In 2015 the United Nations established the 17 Sustainable Development Goals (SDGs) to be achieved by 2030. Goal number 14 and 15 are life under water and life on land respectively. Both goals speak to sustainable use of our marine resources and the restoration and protection of ecosystems both marine and terrestrial.
Barbuda, like many Caribbean islands, relies on tourism as its main industry. For this reason, conscious efforts are required to safeguard against loss of habitat as well as provide the support required to maintain healthy ecosystems and biodiversity. Now more than ever, conservationists are seeing the need for stronger enforcement and enactments of conservation policies to preserve and protect wildlife habitats.
As biodiversity is just as important as a booming economy, we recognise the importance of establishing the balance between economic growth and conservation efforts.
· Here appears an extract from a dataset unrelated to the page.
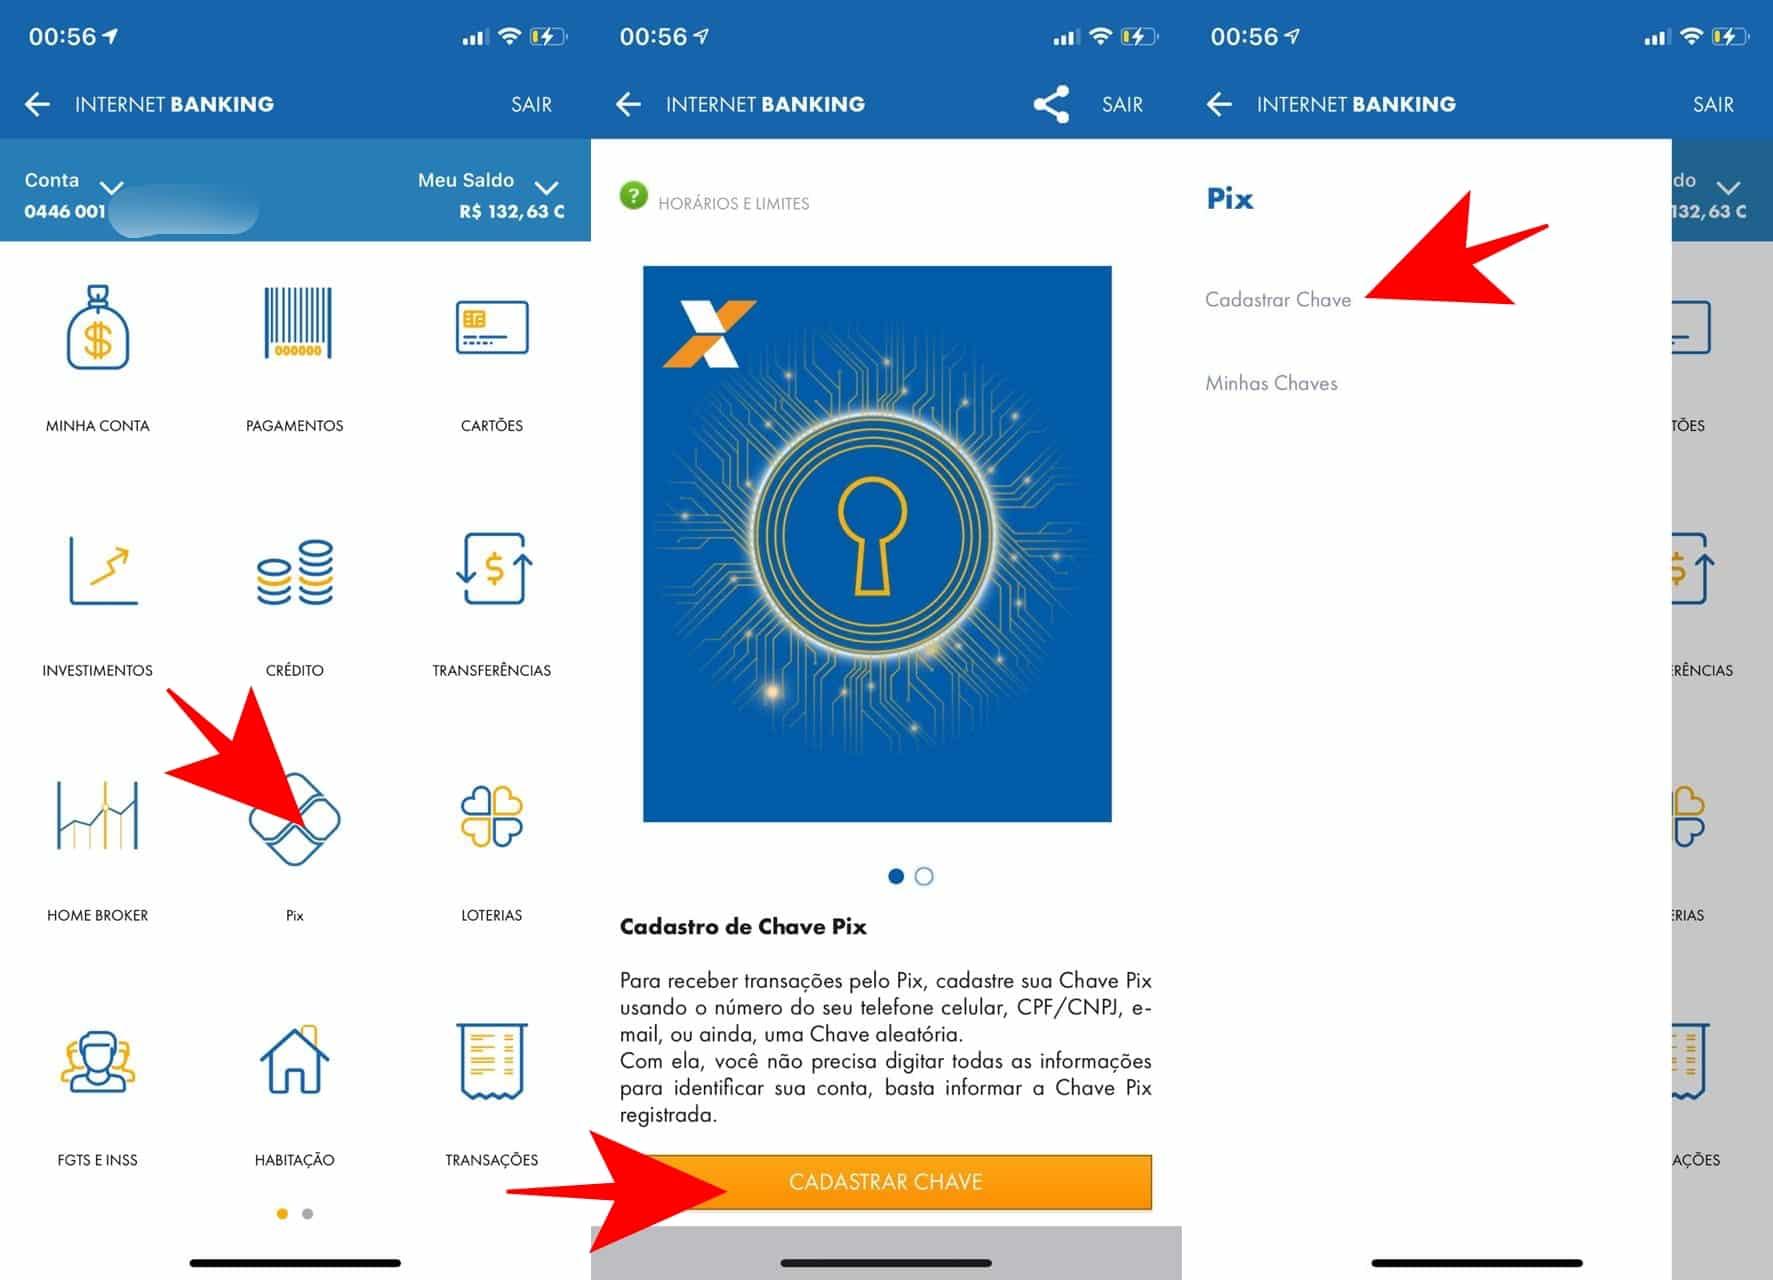 Como fazer a portabilidade de uma chave PIX para qualquer banco

Major investors and developers within the nation state need to buy in to the idea of supporting conservation initiatives and the varying green jobs positions that will need to be filled.
The work of conservation is a huge growing field with loads of different jobs and roles starting from volunteer and field workers to the technicians, engineers, scientists and policy makers who all work collectively to care and protect our natural resources. With a focus on ensuring that we operate in a manner that would result in very little impact on the environment, one cannot help but consider the possibility of a booming green job industry providing decent work in Barbuda.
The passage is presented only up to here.